Although already considered archaic at that time, the revival of the Baojia or mutual responsibility system during the Taiping rebellion may be associated with the Self-Strengthening Movement. Ding ordered its enforcement in Jiangsu. In the Baojia system, registers are drawn up of males sixteen to sixty, under which households are divided up by units of tens and hundreds and bound by mutual responsibility, with elected heads that had some level of local influence. Landlords were predominant as elected heads, and including for surveillance over the landlords themselves, were together potentially useful for tax collection and other levies.

==Fujian Governorship==
Ding was appointed to Taiwan in 1869, and with Imperial sanction reduced the aborigines there. Ding desired to seriously reform Taiwan as a new standard for Canton, but had to leave in 1870 on account of the death of his mother. That same year he participated in the trial for the Tianjin Massacre. He otherwise retired for the next four years, returning to Tianjin in 1875 to conclude treaties with Japan and Peru. In response to the Japanese invasion, during the great policy debates he proposed the need for Western studies and three regional fleets worth of ironclad battleships. He was attacked by the Literati, but supported by Li and made director of the Fuzhou Arsenal and governor of Fujian three months later.
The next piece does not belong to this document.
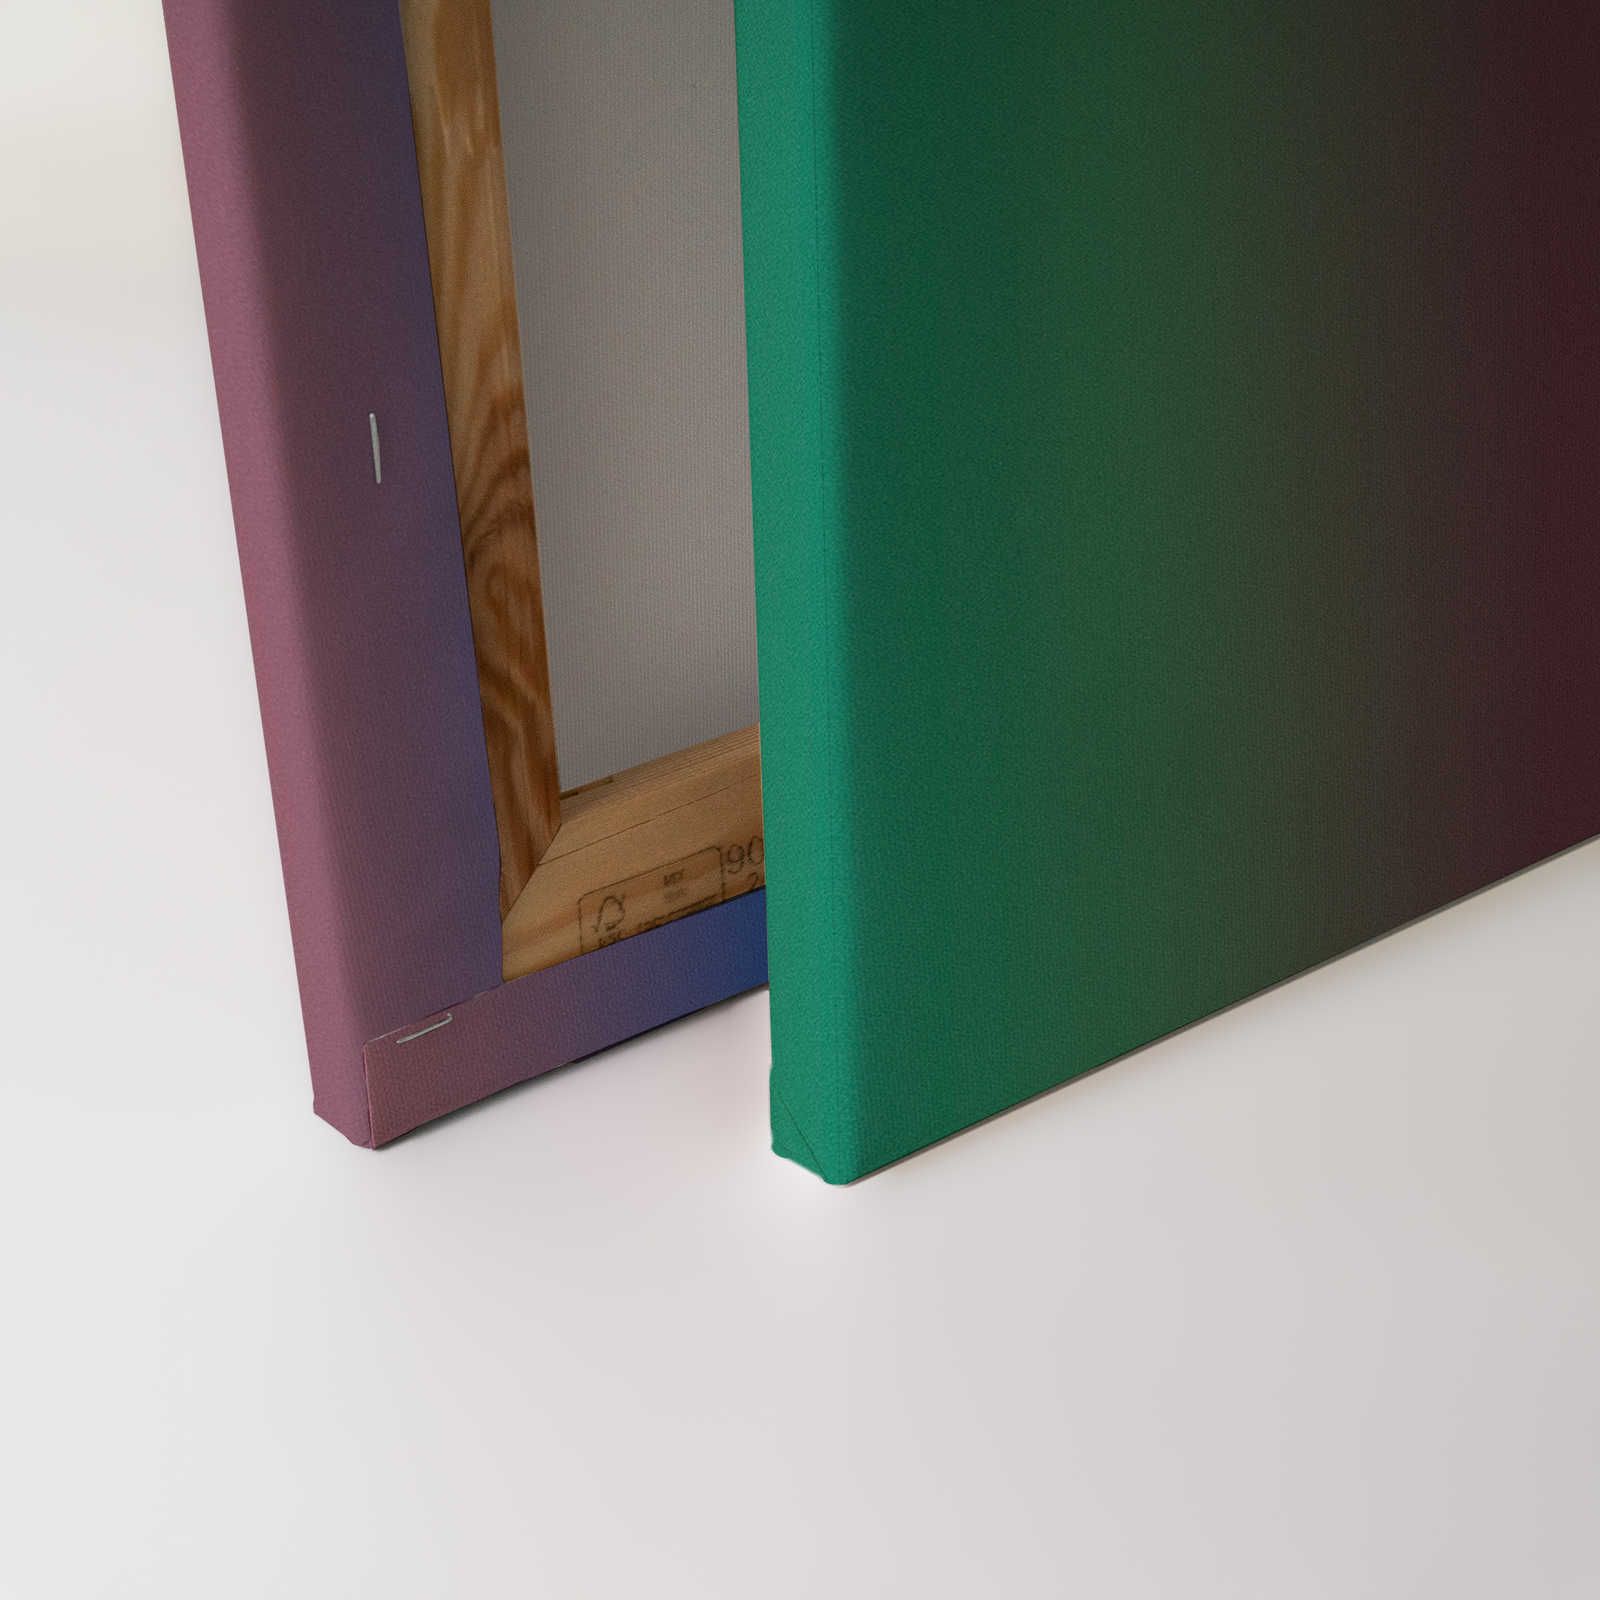             Over the Rainbow 2 - Lienzo degradado Diseño de rayas de colores - 0,90 m x 0,60 m

Having propounded a pro-colonial stance to the court in the past, during his term he gave much attention to Taiwan. He witnessed the first machine excavation of coal there and oversaw the installation of the first telegraph line in China. He also installed artillery at the forts and inspected the Green Standard Army, dismissing ten officers for corruption. He laid plans for commercial farming and mining, and naval base and a railway (for military purposes), which were approved by the throne, but did not receive funds. Ding tried to root out corruption in the Fujian officialdom but was continually blocked by his subordinates. Growing ill, and disillusioned with the possibility of innovation in Taiwan, he submitted his resignation, which the throne accepted in April 1878.

==Foreign Affairs and defense==
Following Ding's resignation from the Fujian Governorship in 1878 he was called upon several times to settle cases involving foreigners. Submitting a number of memorials on foreign affairs, in 1879 he was given the titles of Foreign Affairs and Governor General of the defenses of South China, which, together with soliciting funds for the Shanxi famine, occupied him until his death in 1882. He was afforded typical posthumous honours. Ding's successor in Taiwan, Governor Liu Mingchuan, was given more financial support, and a portion of the railway was begun from 1887 to 1891. Liu's successor completed another two-thirds before it was finished in the early 1900s.

==Character==
Strictly adhering to his own teachings, as well as Confucian custom down to the most banal detail, Professor Jonathan K. Ocko characterizes Ding as a relentlessly ambitious Confucian moralist, prudish but also upright. Although seemingly of the belief that determined men could resolve old problems in a day, Ding considered quick reform unreasonable and punishments impotent. Quoted as saying "Taoism to rule the people, Legalism the clerks", Ding nonetheless only reluctantly issued demerits, and was willing to employ unlawful practices if effective or benefiting the people, for instance, in using beggars as substitutes for runners.

A man of impetuous conviction who preferred the recognition of his superiors to their approval, Ding was easily perturbed by a disregard for his orders, and sensitive about the performance of officials he had personally appointed. If not offending his colleagues, some of Ding's sarcasm may have been lost on magistrates as confused as Ding believed.